Without the pictures, restate all of the data below word for word.

==== Recorded data ====

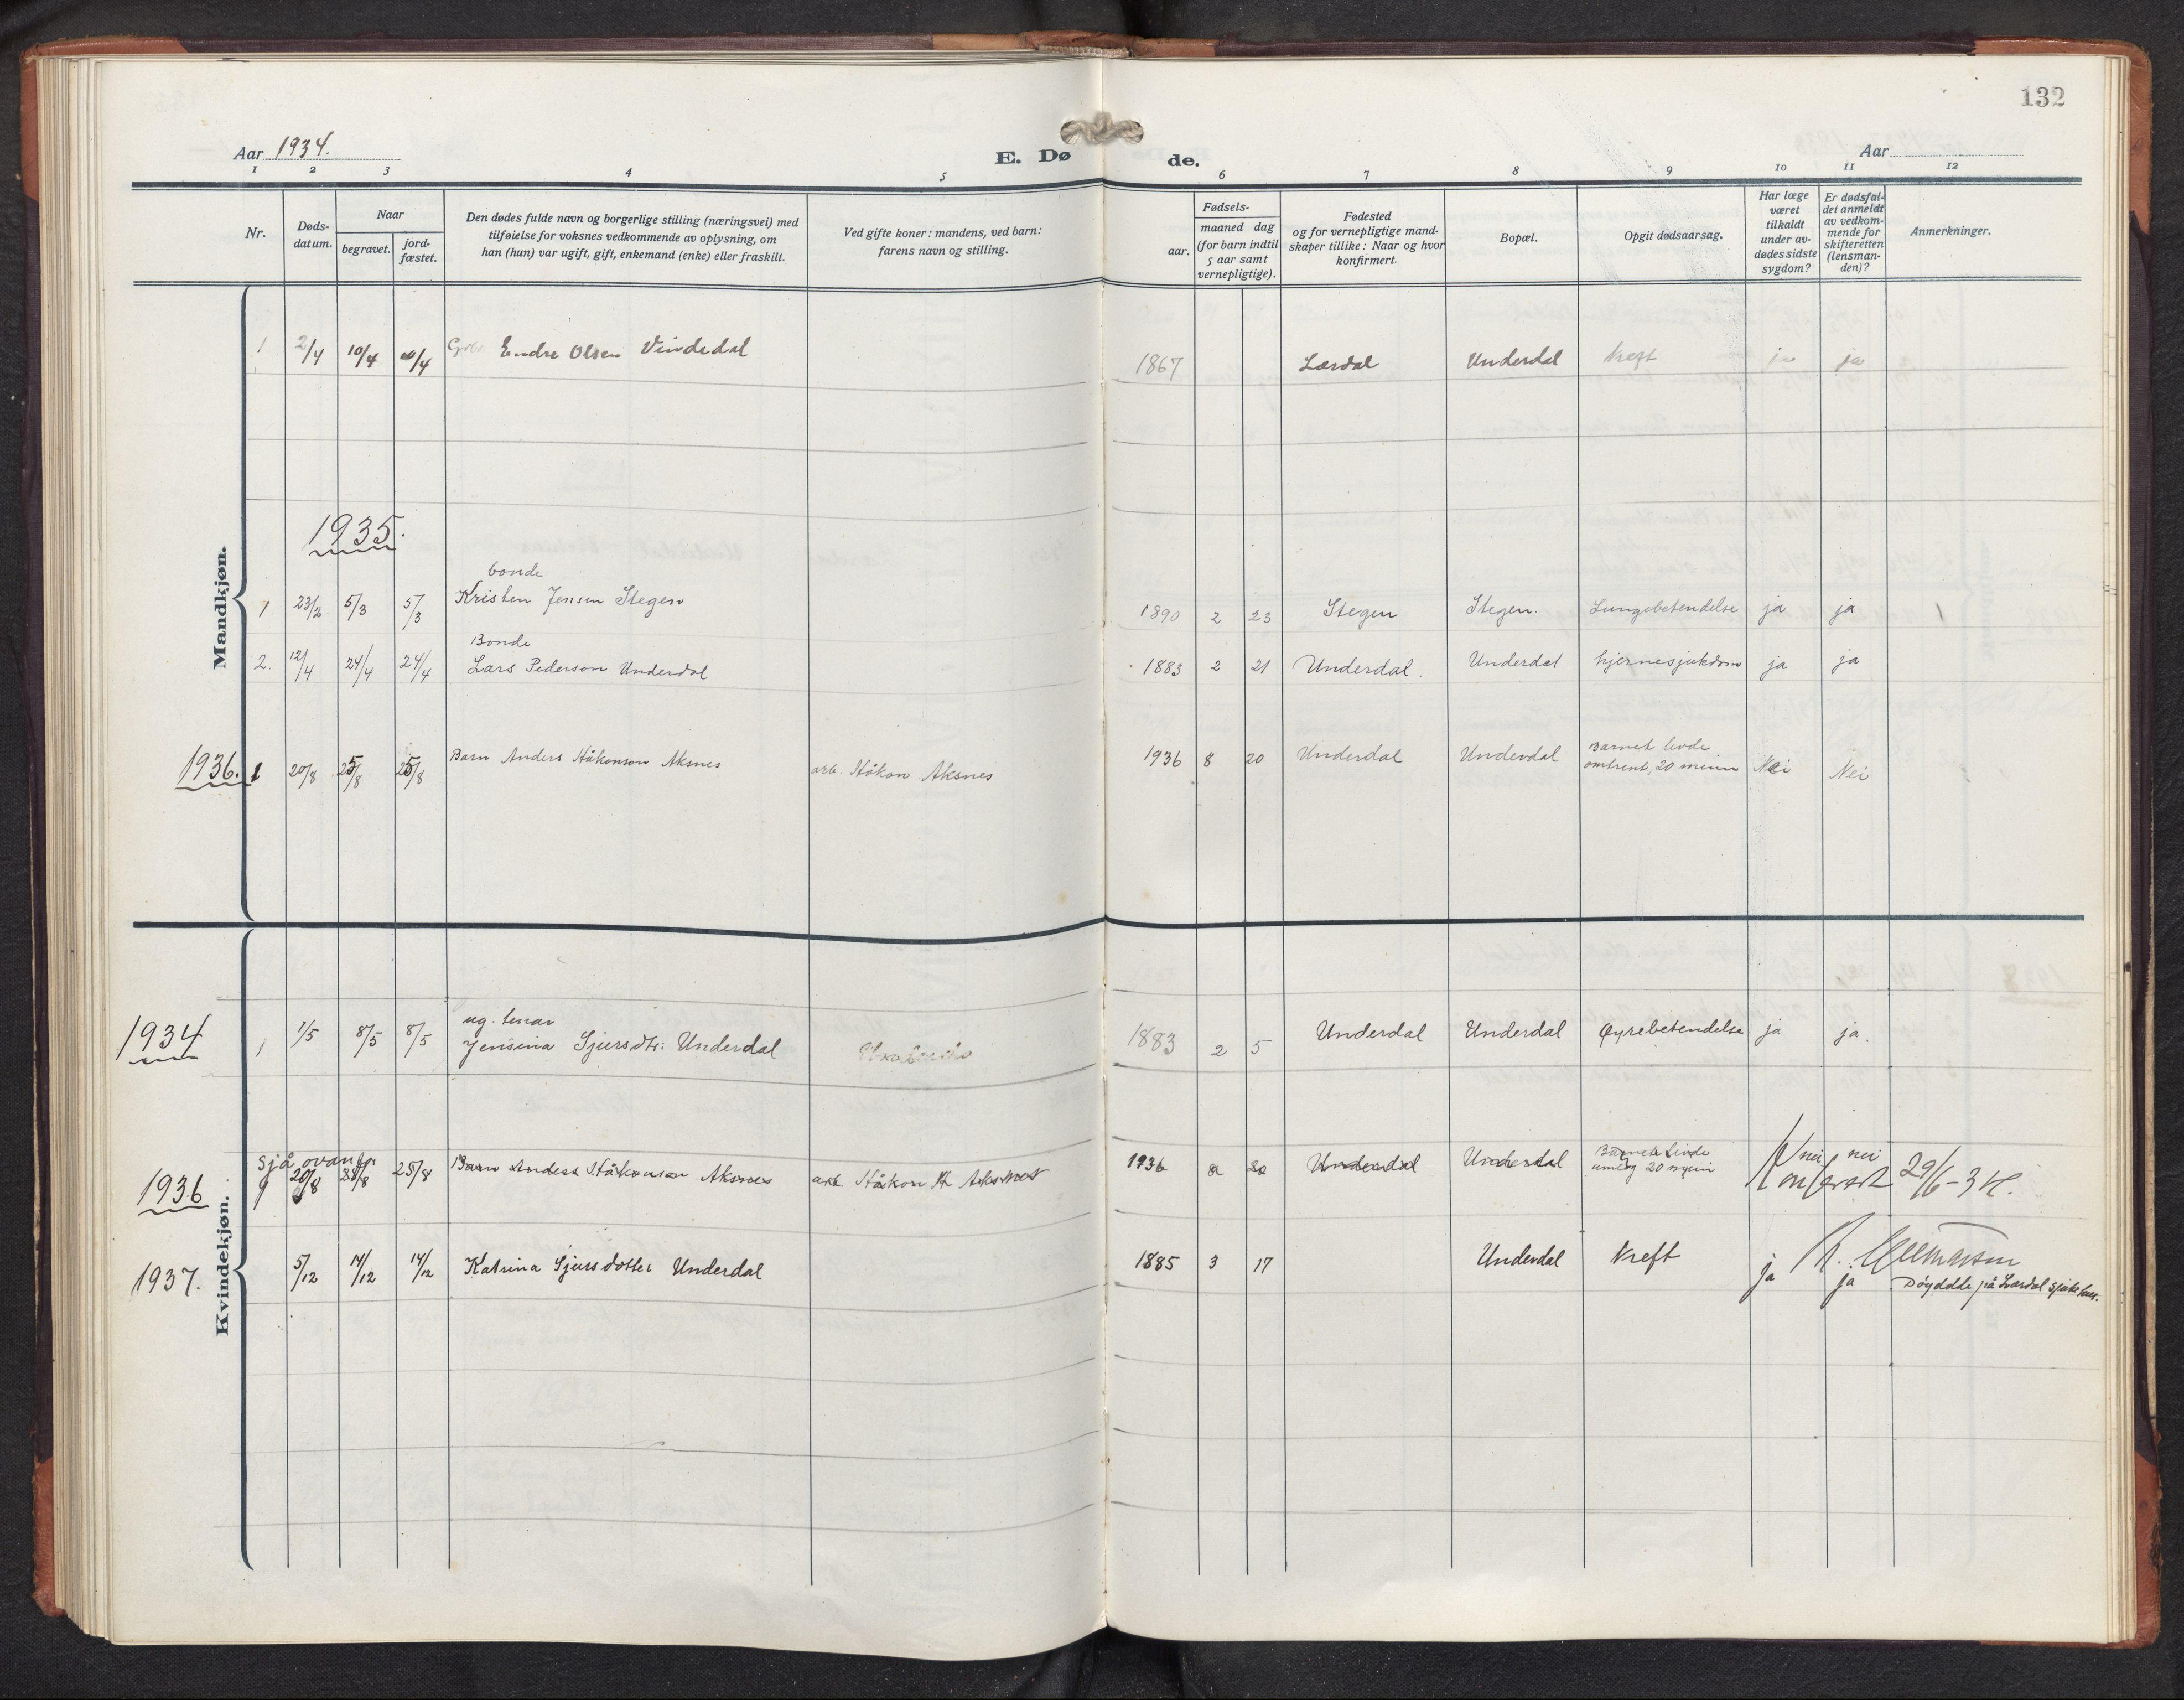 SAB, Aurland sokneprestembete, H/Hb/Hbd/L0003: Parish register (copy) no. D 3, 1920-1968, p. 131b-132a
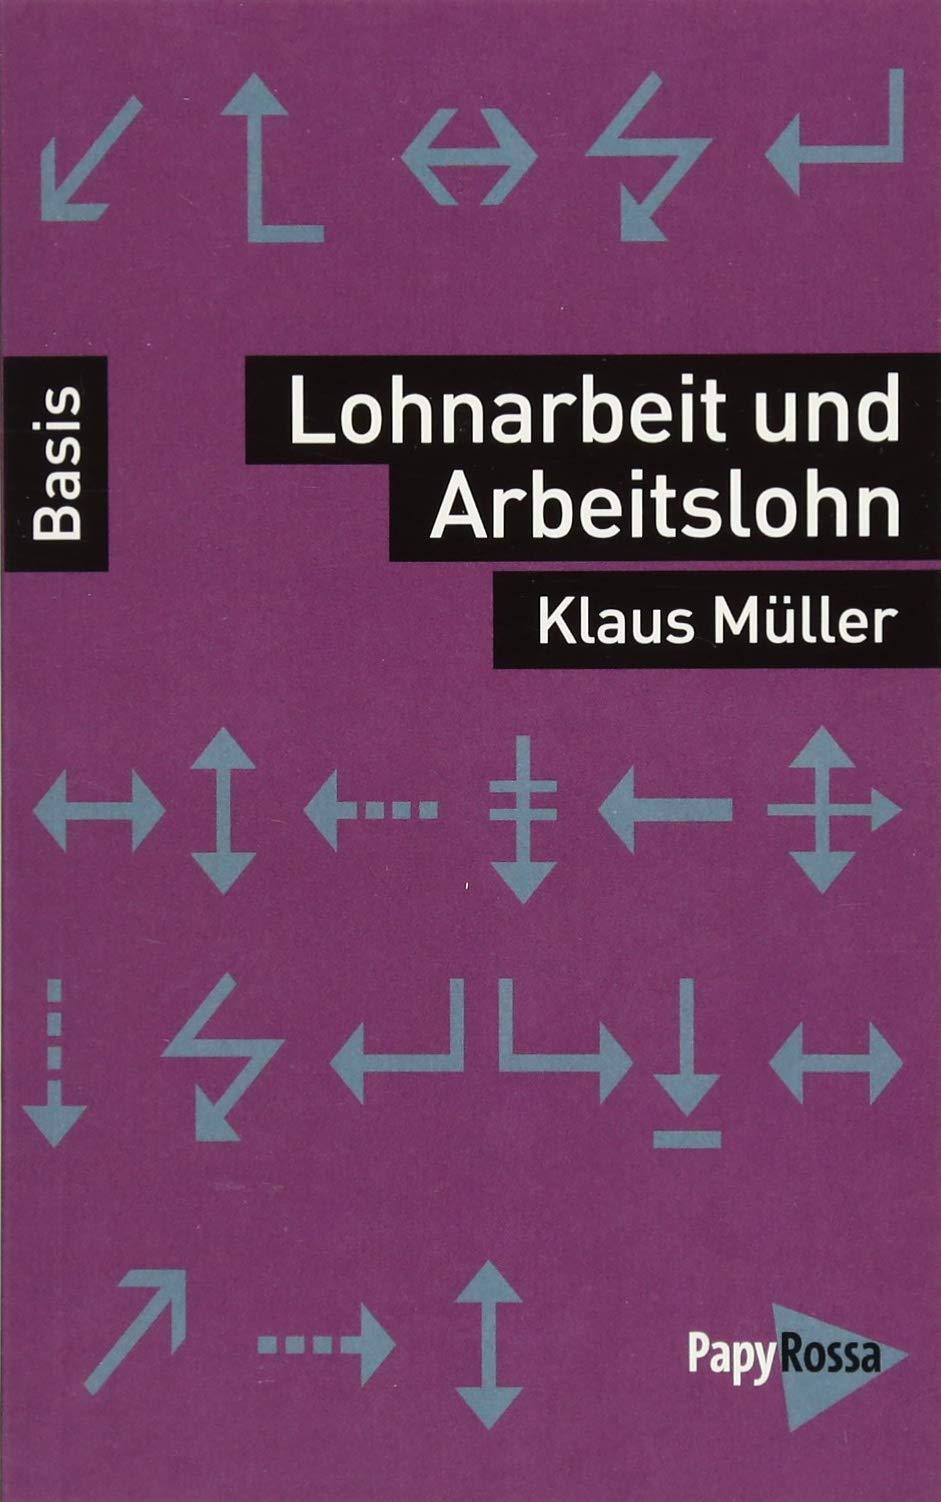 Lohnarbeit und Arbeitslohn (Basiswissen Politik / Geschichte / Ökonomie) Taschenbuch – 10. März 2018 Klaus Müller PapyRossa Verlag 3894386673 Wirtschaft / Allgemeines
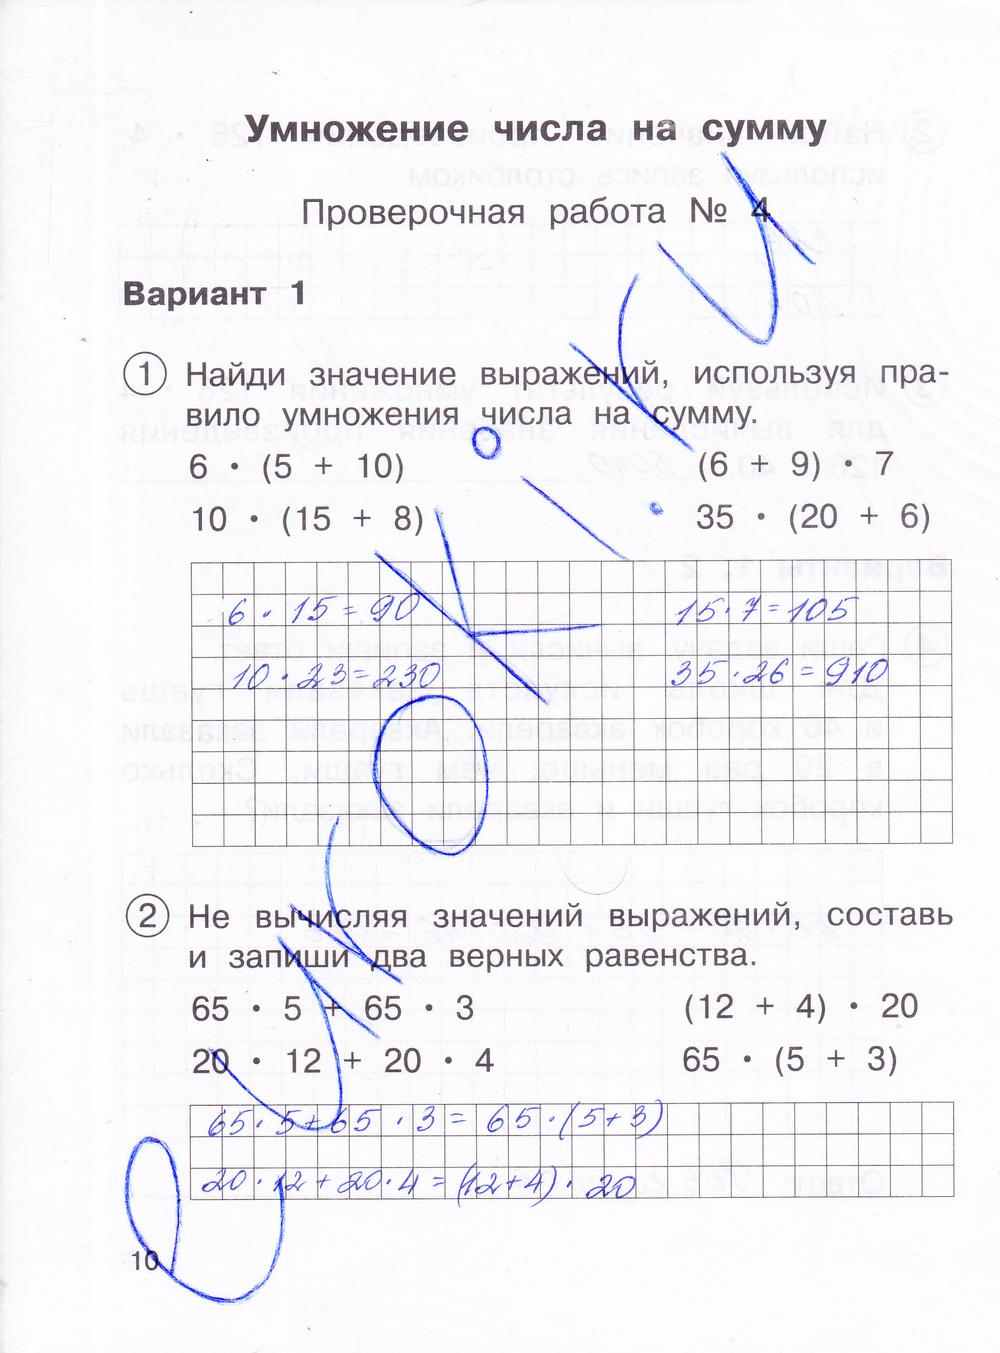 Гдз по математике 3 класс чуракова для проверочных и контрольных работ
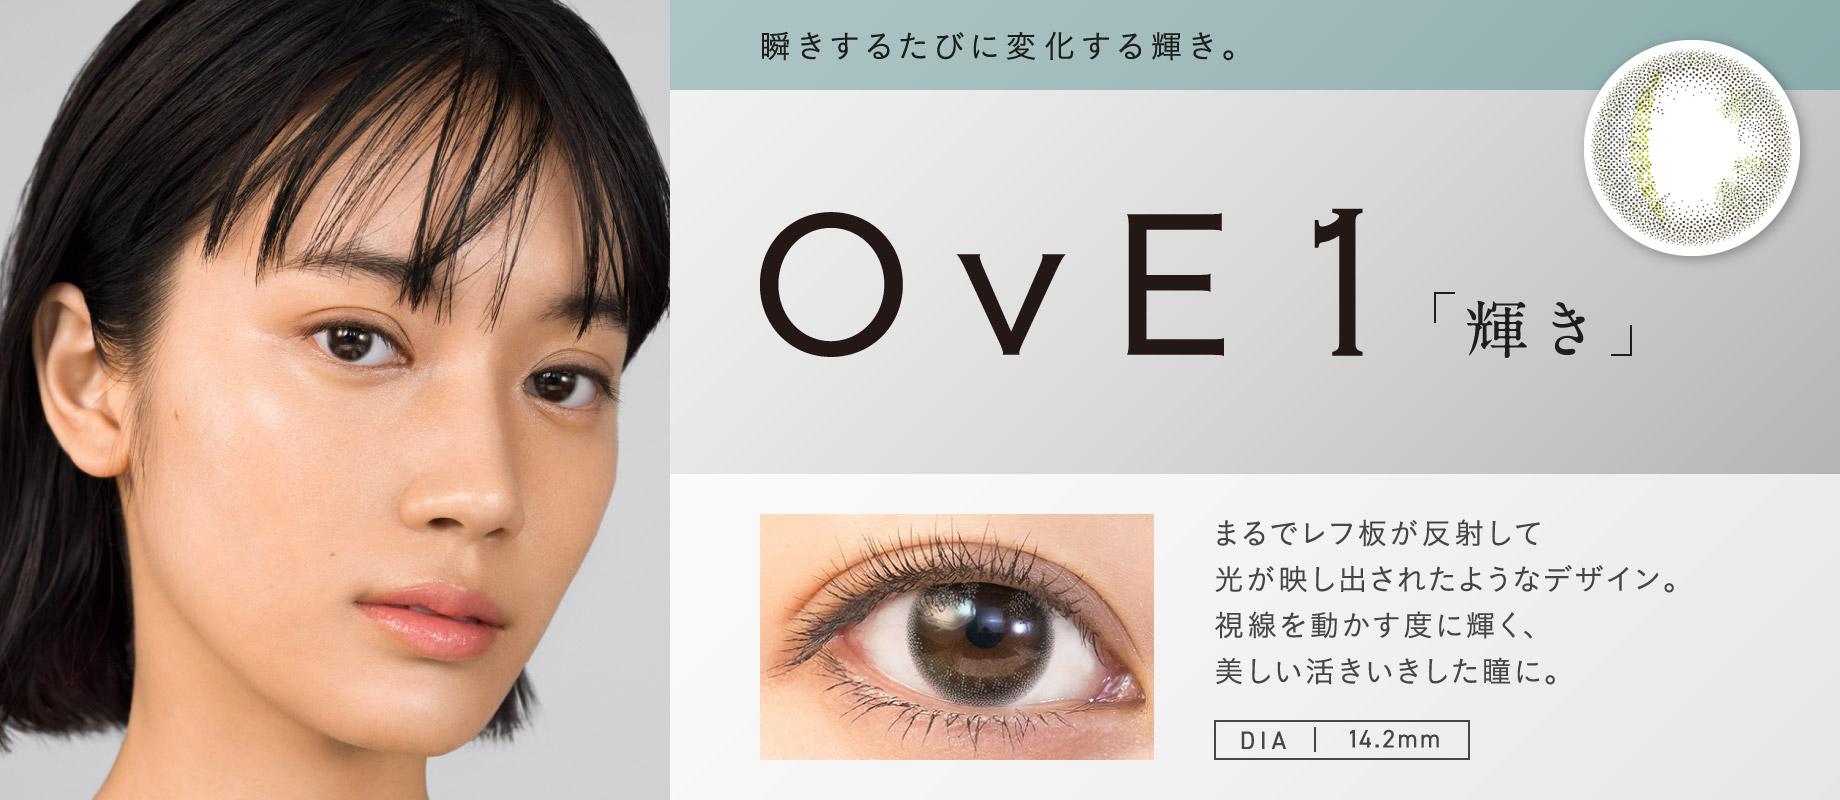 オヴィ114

====

■ **Task result**:
 SAB, Aurland sokneprestembete, H/Hb/Hbd/L0003: Parish register (copy) no. D 3, 1920-1968, p. 131b-132a
 Lohnarbeit und Arbeitslohn (Basiswissen Politik / Geschichte / Ökonomie) Taschenbuch – 10. März 2018 Klaus Müller PapyRossa Verlag 3894386673 Wirtschaft / Allgemeines
 Гдз по математике 3 класс чуракова для проверочных и контрольных работ
 オヴィ114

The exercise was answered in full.